Correlation between unique instances of use and final calibration coefficient for individual low-cost particle sensor types

To determine if sensor usage affected Airbeam output over time, we characterized the unique instances of use (i.e., the number of 7-day indoor sampling periods that a sensor was used), and the final calibration coefficient for all 51 individual Airbeam sensors (Supplemental Table S2). We examined the correlation between the number of 7-day indoor sampling periods that an individual sensor was used, and its final calibration coefficient at the fourth calibration timepoint (Supplemental Figure S2). We did not observe a strong correlation for Airbeam 1 sensors (R² = 0.16) or for Airbeam 2 sensors (R² = 0.09). The slope of the curve for Airbeam 1 suggests that the more the sensors were used, the greater the deviation of its output from the PDR-1500’s output, while the Airbeam 2 curve suggested no change with an increase in usage.

Discussion

To our knowledge, this analysis is one of the first long-term longitudinal assessments of performance and reliability of low-cost particle sensors in measuring indoor tobacco smoking. We observed a high degree of inter-sensor variability across both particle sensor types, particularly in Airbeam 1 sensors at the study’s initiation. Change in calibration coefficients over time for individual Airbeam units was detected, suggesting a degradation of low-cost particle sensors for longitudinal assessment (Supplemental Figure S1). There were also notable downward trends in calibration coefficients over time, whereas the accompanying calibration coefficient for both Airbeam 1 and 2 sensors was below 1 at the final calibration timepoint. Findings lend support to the conclusion that the routine calibration of individual Airbeam units might help to improve their utility and performance over time. Overall, Airbeam 2 particle sensors fared better than Airbeam 1 sensors, suggesting greater durability of Airbeam 2 sensors for longitudinal assessment.

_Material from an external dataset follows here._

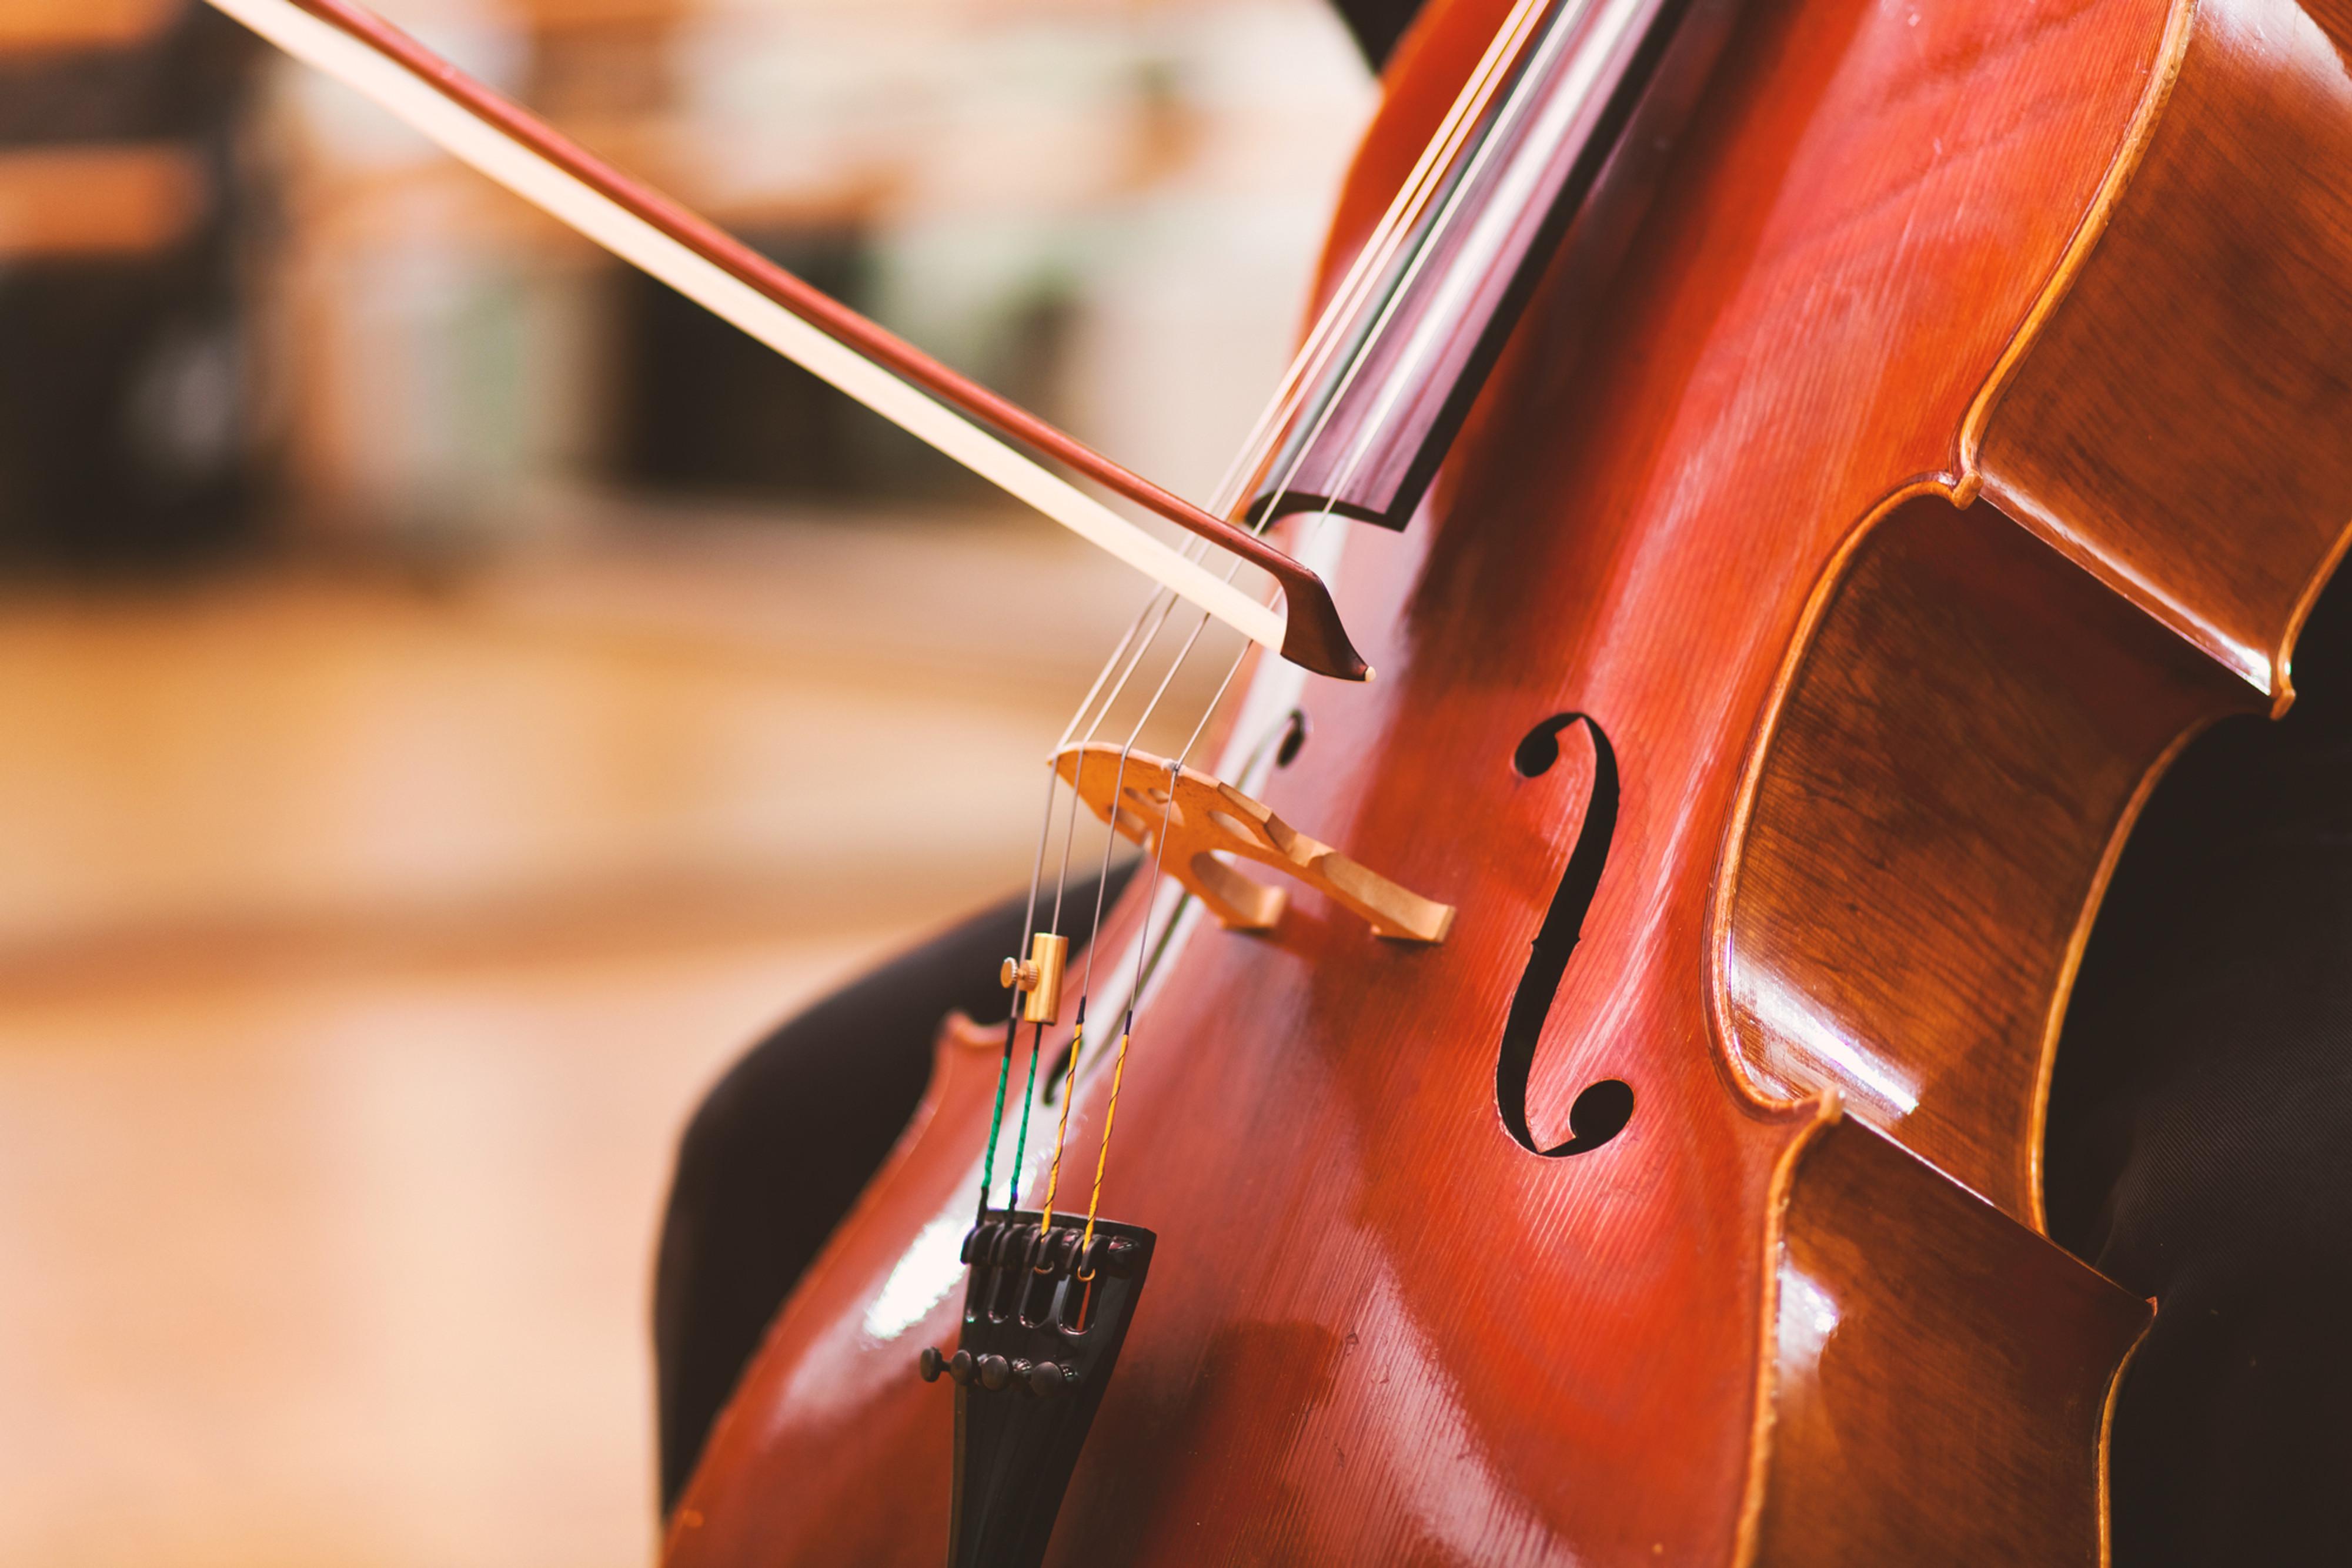 Intermediate Violin or Cello
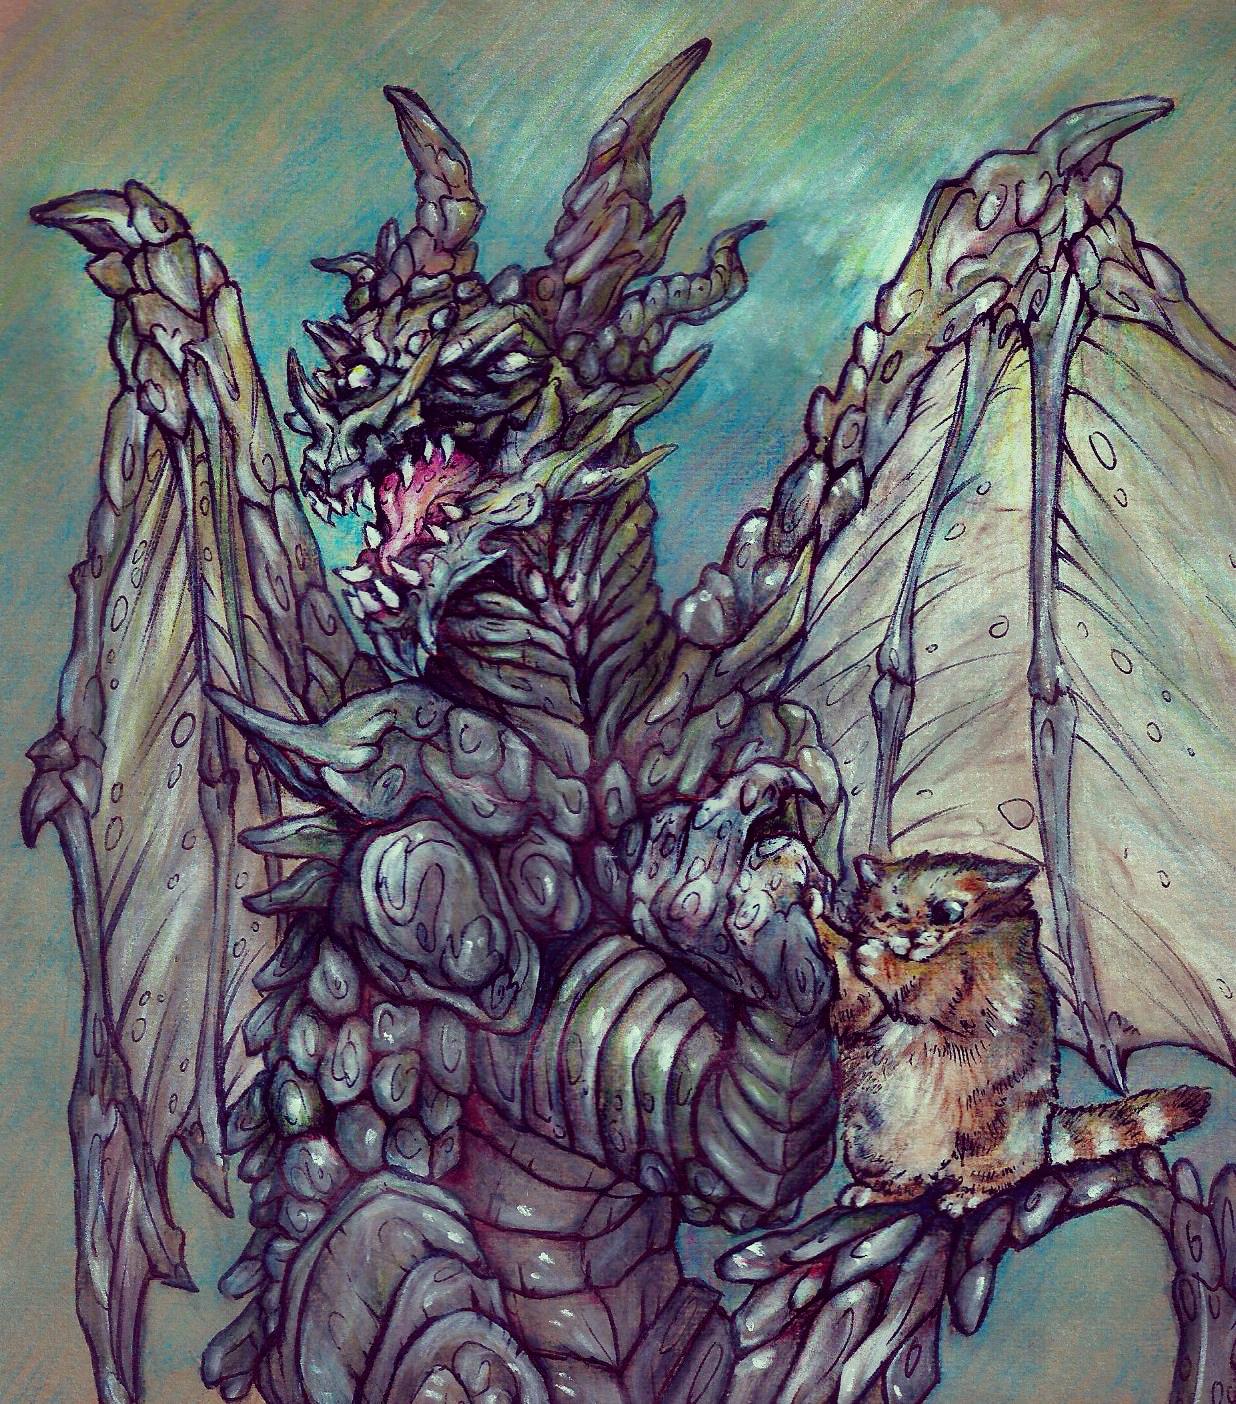 Armwrestling with da dragon

Our findings suggest that low-cost particle sensors might be differentially subjected to degradation, seen in the greater loss of Airbeam 1 sensors than Airbeam 2 sensors over time. While two of these failures, and the loss of units, resulted directly from the public housing environments (i.e., roach infestation), other failures were more generally concerning for the use of non-calibrated low-cost particle sensors for longitudinal assessment of air quality. Interestingly, we did not observe a strong correlation between the unique instances of field use of sensors over the 2-year period and their final calibration coefficients measured at the fourth calibration timepoint, suggesting that low-cost sensor degradation over time might be more contingent on particle sensor type, rather than individual sensor usage.

Calibration coefficients differed modestly between cigarette smoke or subway PM (primarily combustion products and iron-rich friction particles, respectively), suggesting that the light-scattering physics of these low-cost particle sensors may slightly be affected by these two particle source types. Our finding, however, is limited to two particular particle types, and further studies are needed to assess calibration across a range of particles with different source-dependent compositions. Other researchers have observed that, in addition to particle composition, the accuracy of PM_2.5 sensor output also depends upon particle size and humidity¹³. Thus, low-cost sensors require routine calibration in the laboratory with the PM_2.5 and environmental conditions of interest.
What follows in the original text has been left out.